Pope John Paul II greets the World Youth Day crowd in Czestochowa, Poland, in 1992. An estimated 1.5 million people from 80 countries attended the third international World Youth Day. (CNS file photo)
Blessed John Paul II rallied young Catholics, Pope Benedict XVI instructed them and Pope Francis is preparing to send them out on mission.
When he travels to Rio de Janeiro for World Youth Day, Pope Francis -- the former archbishop of Buenos Aires, Argentina -- will be continuing a tradition begun by Blessed John Paul in Buenos Aires in 1987, gathering Catholic youth from around the world together for several intense days of faith-building and celebration.
In cities from South America to Europe, Asia to North America and back again, each World Youth Day with the pope has been different in size and in the culture the youths experienced and shared.

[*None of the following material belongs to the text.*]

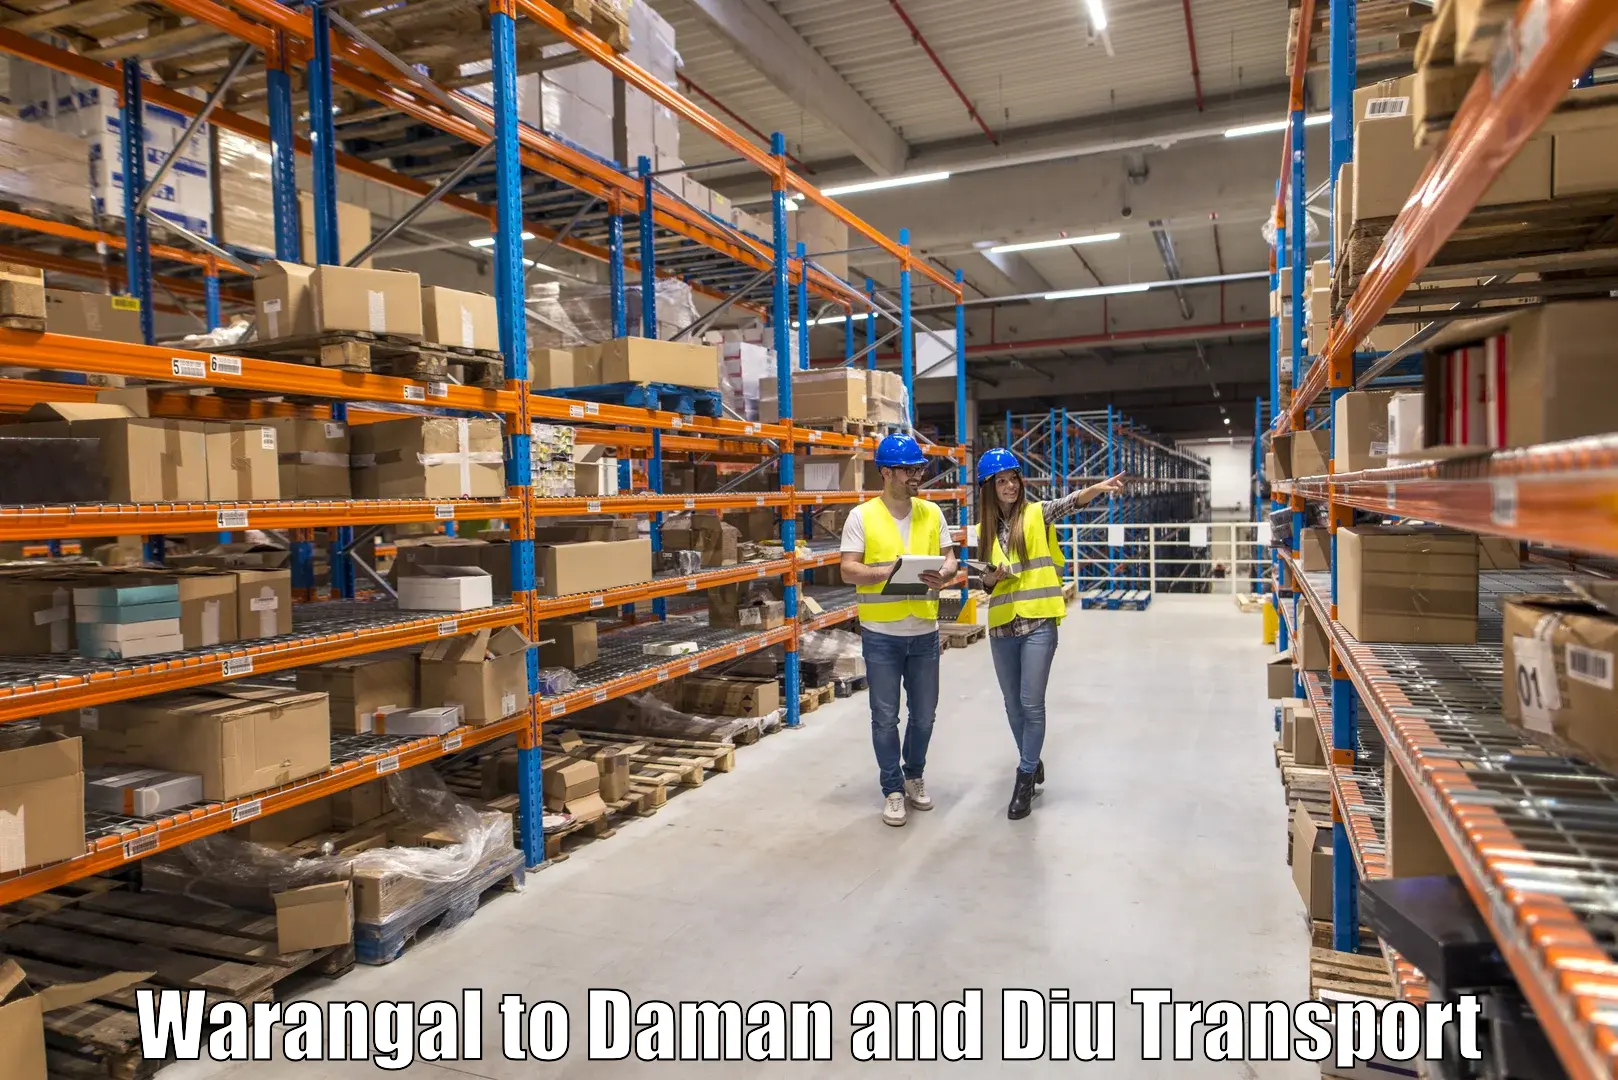 International cargo transportation services Warangal to Daman and Diu

But the contributions of each pope -- because of both personality and personal emphasis -- also have left striking marks on the 11 international gatherings held since 1987. With Pope Francis, that tradition of the evolving World Youth Day is bound to continue July 23-28 in Rio.
World Youth Day gatherings are so much a part of Catholic life now that it is hard to imagine just how innovative Blessed John Paul's idea first seemed. The Polish pope invited young people to his Palm Sunday celebration at the Vatican during the 1985 U.N.-proclaimed Year of Youth, and Vatican officials were shocked when approximately 250,000 young people showed up; they had planned for 60,000 pilgrims.
Blessed John Paul brought Catholic teens and young adults out of the parish religious education and youth ministry programs that parents often had to force their children to attend. For him, the youths were not just the future of the church, but the embodiment of its energy and enthusiasm.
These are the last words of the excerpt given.